USDA FoodData Central — verified ingredient density data, raw vs cooked weight factors, and nutritional values, fdc.nal.usda.govCurrent database
FDA Food Safety — safe minimum internal cooking temperatures and Atwater calorie system, fda.gov/foodCurrent standards
NIST Handbook 44 — US customary measurement definitions, cup = 236.588ml, nist.govOfficial standards
UK Weights and Measures Act — imperial cup = 284ml; Australian Standard cup = 250ml, legislation.gov.ukCurrent standards

Grams to Cups, Cooking Conversions & BBQ Planning — Why One Formula Is Never Enough

Every food measurement problem has at least one hidden variable that most calculator pages never mention. The grams-to-cups conversion depends on ingredient density — and density varies by a factor of nearly 3 between the lightest (cocoa powder at 85g/cup) and heaviest (honey at 340g/cup) common baking ingredients. A "cup" is not a fixed weight: it is a volume that holds different weights of different substances. Recipe calorie calculators give different answers for identical recipes because "chicken breast" in one database is raw and in another is cooked — a 25% calorie difference on your highest-protein ingredient. BBQ food planning goes wrong when people buy 500g per person but forget that beef shrinks 25–30% during cooking, putting 350g on the plate instead of 500g.

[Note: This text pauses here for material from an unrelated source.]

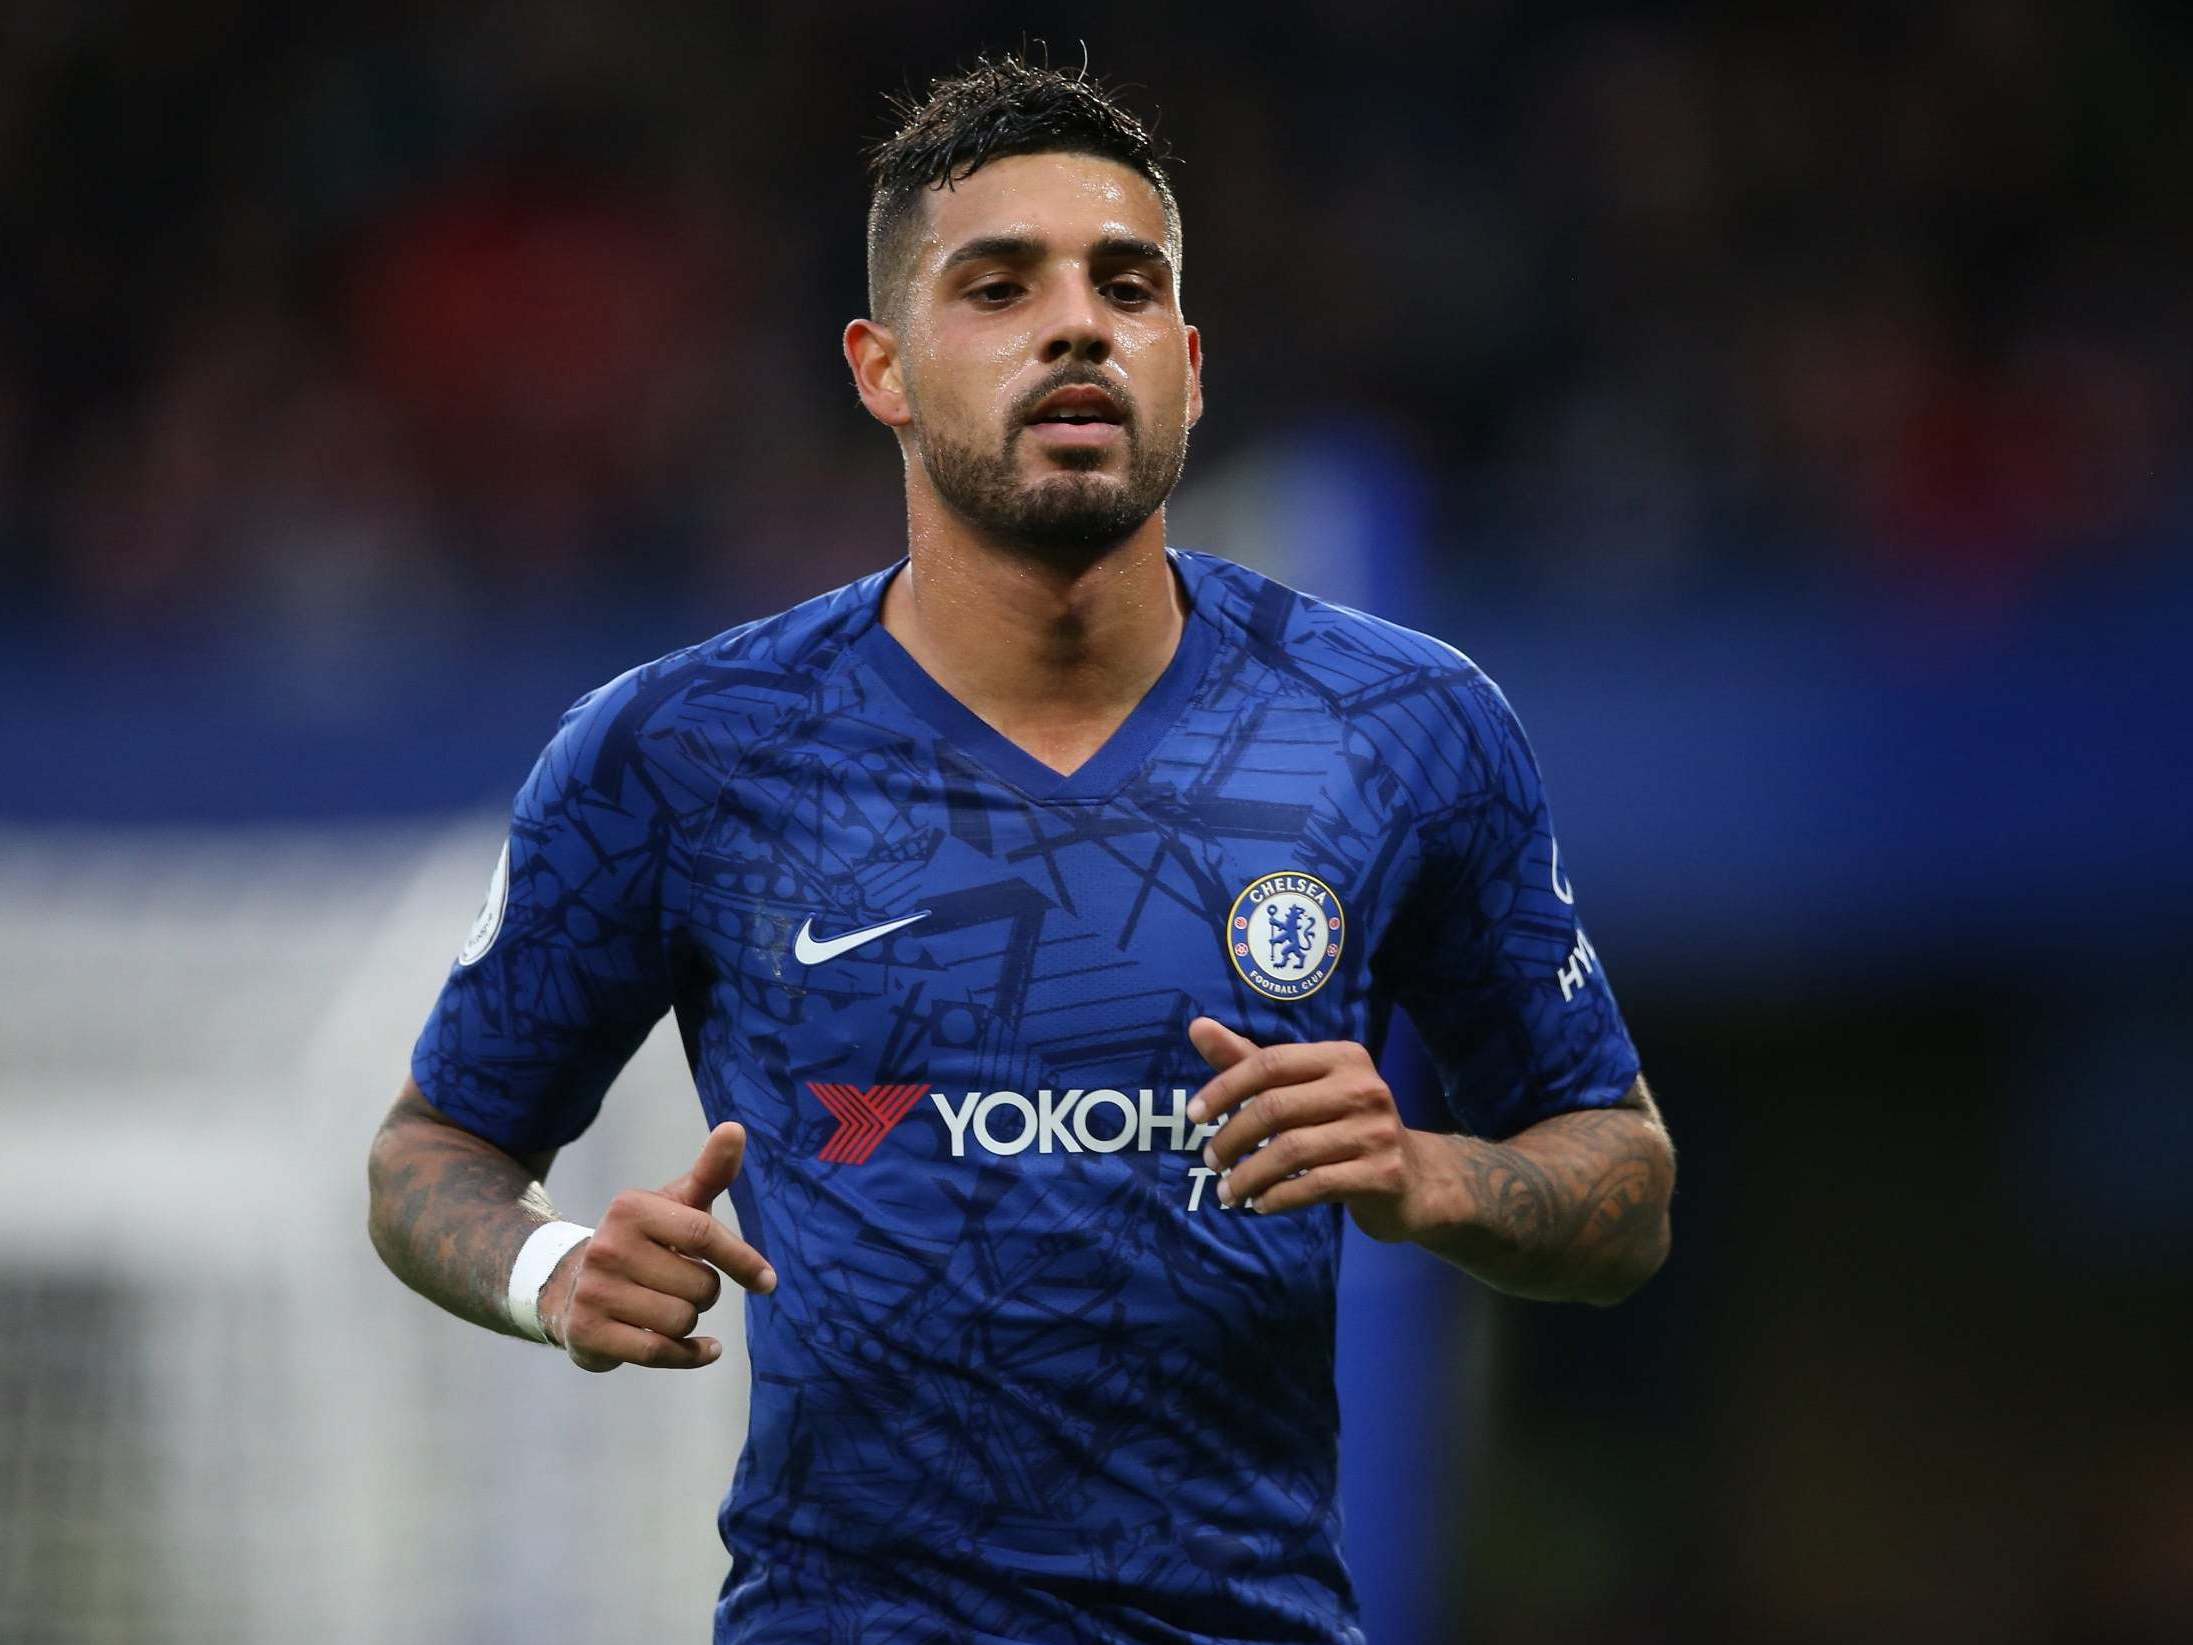 Chelsea transfer news: Emerson Palmieri hits out at 'fake news' over unhappiness under Frank Lampard

Grams to Cups — The Density Problem Every Baking Conversion Must Solve

The grams to cups calculator converts weight to volume for specific ingredients using USDA density data. A single universal "240g per cup" factor is accurate only for water and thin liquids. For baking, every ingredient has its own density affected by how it is measured (sifted vs spooned vs packed), particle size, and moisture content. All-purpose flour sifted weighs 100–110g per cup. Flour spooned and leveled weighs 120–130g. Flour scooped directly from the bag weighs 140–160g — up to 60% more than sifted. This variation is why bakers who weigh in grams produce more consistent results than those who measure in cups.

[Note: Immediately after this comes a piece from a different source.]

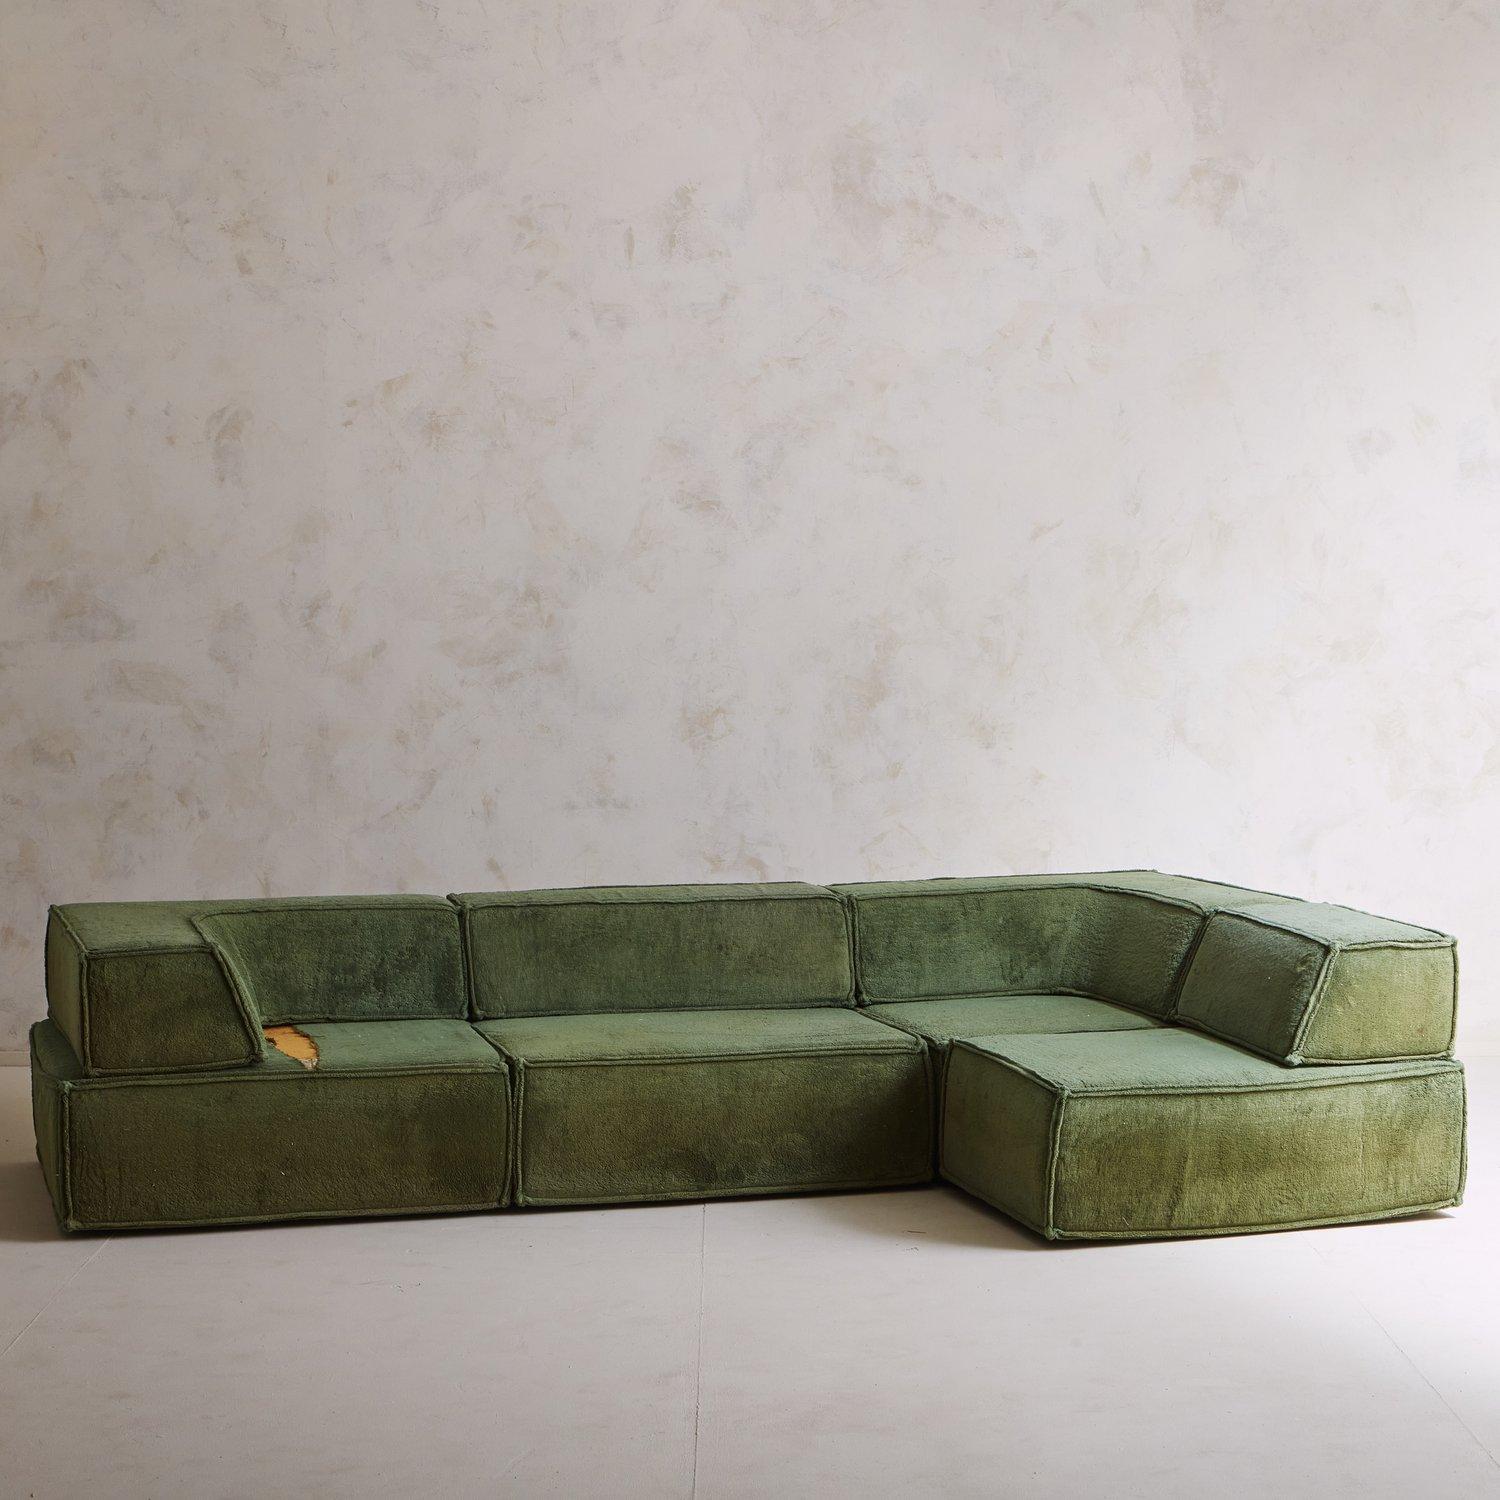 A Cor Trio modular sofa designed by Team Form AG in 1972. This elegant sofa sits directly on the ground and has four sections with removable backrests. It retains its original green upholstery and has beautiful double pinched welt. Sourced in

Grams ↔ Cups Conversion — Density Formula Cups = Grams ÷ (grams per cup for that specific ingredient) Grams = Cups × (grams per cup for that specific ingredient) — Why "1 cup = 240g" only applies to water — All-purpose flour (spooned): 1 cup = 125g Granulated sugar: 1 cup = 200g Honey: 1 cup = 340g Rolled oats: 1 cup = 90g ✗ Wrong: 200g flour ÷ 240 = 0.83 cups — using universal water factor ✓ Correct: 200g flour ÷ 125 = 1.60 cups — using flour density Baking is chemistry. A cake recipe calling for 2 cups of flour expects 250g. Using 480g (the water-based calculation) produces a dense, dry failure. Always specify the ingredient. Never use a universal grams-to-cups conversion for baking.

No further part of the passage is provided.